So despite all the ink spilled and time spent by the Tax Court, it will be reviewed de novo by the Eighth Circuit. And where they'll come down, I think, is anyone's guess. But it's important to remember that the Eighth Circuit is not the only circuit that's going to be taking a look at the blocked income regulations. As I said, Coca-Cola is surely headed for appeal, and so the Eleventh Circuit will have a look at it too, and it could continue to come up in other circuits in the future as well. So it's an issue that won't be settled for some time.

David D. Stewart: It'll be very interesting to watch. Now, I got one more case to ask you about and that's Abbott Labs v. Commissioner. So what is the status of this case and what is it all about?

Ryan Finley: Well, it's about many things. This case is pretty — it's in its infancy. The Tax Court petition was filed at the end of 2023. There are a whole bunch of issues. Some are transfer pricing, some aren't. The thing that jumps out to somebody who focuses on transfer pricing is a reg validity challenge. Well, there are two. One is challenging the cost-sharing regulations rule that parties to a cost-sharing arrangement, or CSA, have to share stock-based compensation costs. Basically stock options that one of the parties grants. But they also are challenging an analogous rule under the services regs that says that whenever you use cost as the basis or cost-plus to charge out services, that you have to include the stock-based compensation cost and that cost base.

Abbott Labs is challenging both. The cost-sharing regulation is, it's kind of the modern counterpart to the regulation that was challenged in Altera. And Altera itself was sort of a sequel to Xilinx. So this is kind of the newest installment in a dispute that's been going on for decades at this point.

But the important difference with Altera is No. 1, that it involves the services regs. And that's important because if you look at the Ninth Circuit's Altera opinion that reversed the Tax Court and sided with the IRS, it's not clear whether the commensurate with income standard was strictly necessary for the Ninth Circuit to come down the way it did, but it figures prominently in the opinion. And services are not subject to the, I mean, it would be a strained reading of the commensurate with income standard to suggest that routine services fall under the commensurate with income standards. So that means that you can, to the extent that the inclusion of stock-based compensation and the cost base is authorized by the statute, it would have to be under the first sentence and not the second that includes the commensurate with income standard.

The other important difference is that we're in a different circuit now. The Ninth Circuit precedent doesn't control because if this case leads to an appeal, and I would think it's very likely that it will, it would be the Seventh Circuit that would hear that appeal. So obviously they're not bound by Ninth Circuit precedent.

David D. Stewart: Now, you mentioned that these cases keep cropping up. I remember covering this back when I was the transfer pricing reporter here. So why is stock-based compensation such a big deal and why does it keep coming up?

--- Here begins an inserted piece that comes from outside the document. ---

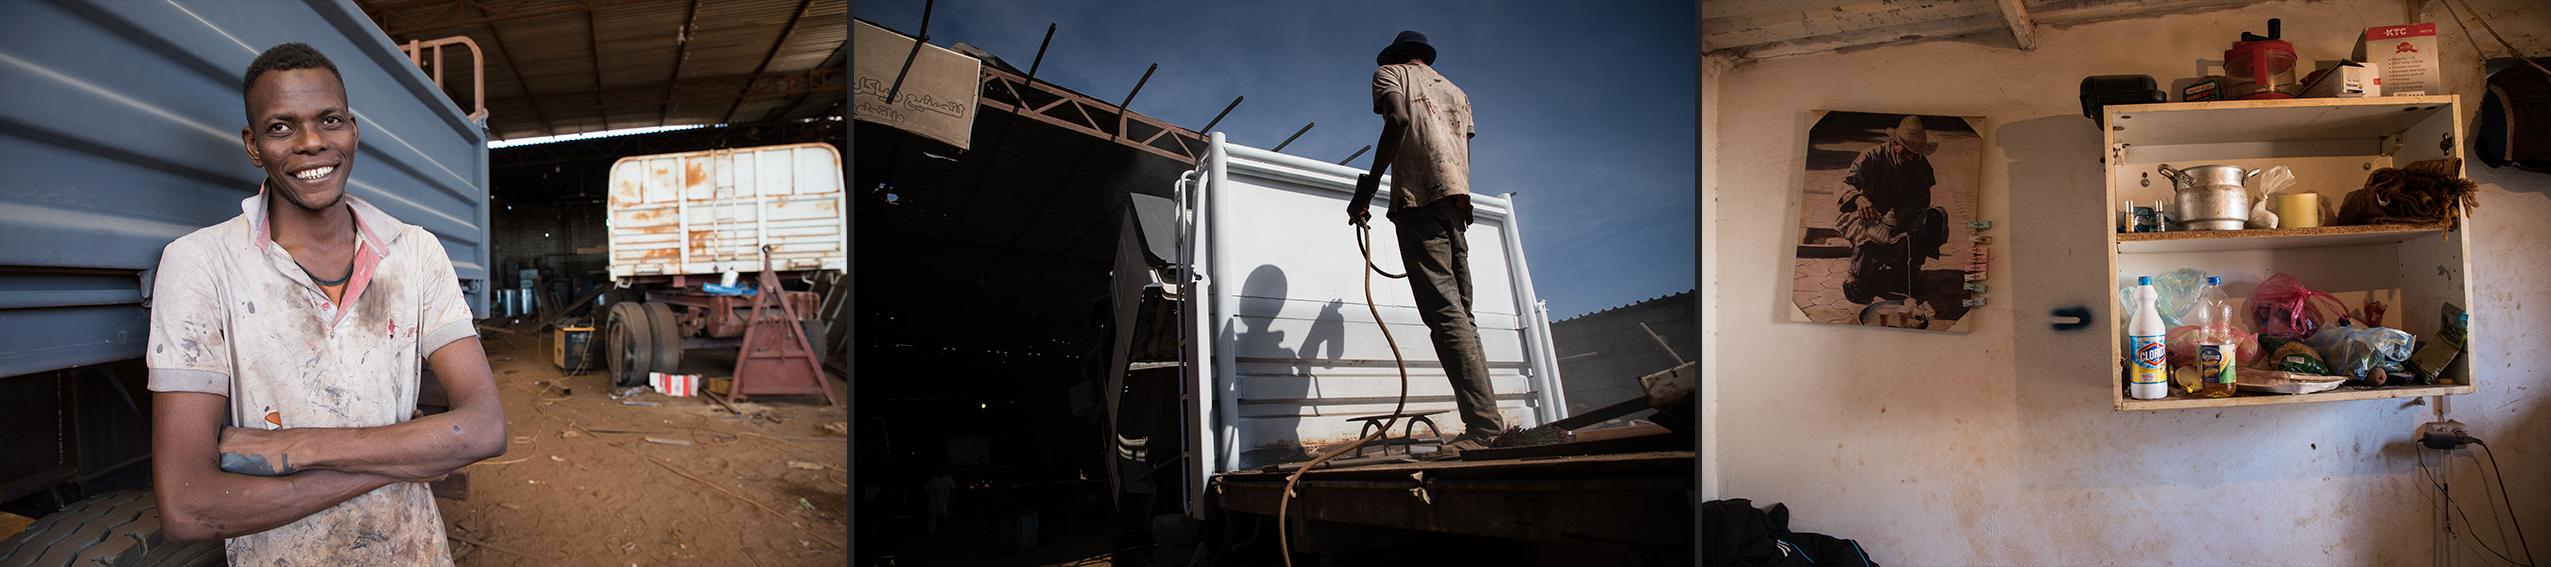 «Cela fait 2 ans que je vis entre les quatre murs du garage où je travaille, dans la peur constante de me faire arrêter et renvoyer en prison. Moi c'est Moussa. J'ai 26 ans et suis originaire de Kayes au Mali. Je vis à Misrata et ne peux pas prendre le risque de me déplacer, parce que je suis sans papiers. Après avoir quitté ma ville d'origine, je me suis rendu à Bamako dans l'espoir d'y trouver du travail–sans succès. J'ai alors rejoint l'Algérie où, pendant un an, j'ai travaillé comme soudeur dans la région de l'Adrar. Puis j'ai continué la traversée du Sahara, une route terriblement dangereuse. J'avais peur d'être fait prisonnier ou tué. Arrivé à Deb Deb, je suis passé en Libye. On m'a volé mon sac et mes papiers à la frontière ; on m'a envoyé au centre de détention de Tajoura à Tripoli.Je suis parvenu à en sortir parce que ma famille s'est cotisée pour payer les 2500 dinars nécessaires à ma libération. J'ai pu enfin rejoindre mon frère qui se trouvait à Misrata et commencé à travailler en tant que peintre dans le même garage que lui. Je suis payé à la tâche mais le travail se fait de plus en plus rare. La dernière fois, j'ai passé deux semaines sans qu'on m'en fournisse. Heureusement que je suis logé gratuitement au garage, sinon je ne sais pas comment je pourrais m'en sortir.»Moussa, Malien, 26 ans.

Ryan Finley: Well, it's a big deal because it accounts for a significant share of the employee compensation costs of the kinds of big multinationals that enter these sort of intergroup transactions and arrangements. If you say that parties to a cost-sharing arrangement don't have to share stock-based compensation costs, then the U.S. participant can pay its employees in stock options and the whole deduction stays in the U.S. If you have a U.S. service provider that's charging out a cost-plus, and you say that they can grant stock options to the people who are performing these services, but you don't have to include that in the cost base, then there's no reimbursement or markup on these service charges. And because of the amount that's at stake here, those are significant amounts.

But the issue keeps coming up also because it really raises an important question under the arm's-length standard. The arm's-length standard generally requires that transactions between commonly controlled enterprises be priced as if the transaction had taken place at arm's length. And most people would agree that arm's-length parties do not share or reimburse each other's stock-based compensation costs. So taxpayer's argument is that arm's-length parties never do this, and the regulations are based on the arm's-length standard, so you can't require control parties to do something that arm's-length parties would never do. It takes the form of substantive validity challenges, although that requires the assumption that the statute forces you to kind of use transactional evidence. And it also is the basis for APA challenges like in Altera.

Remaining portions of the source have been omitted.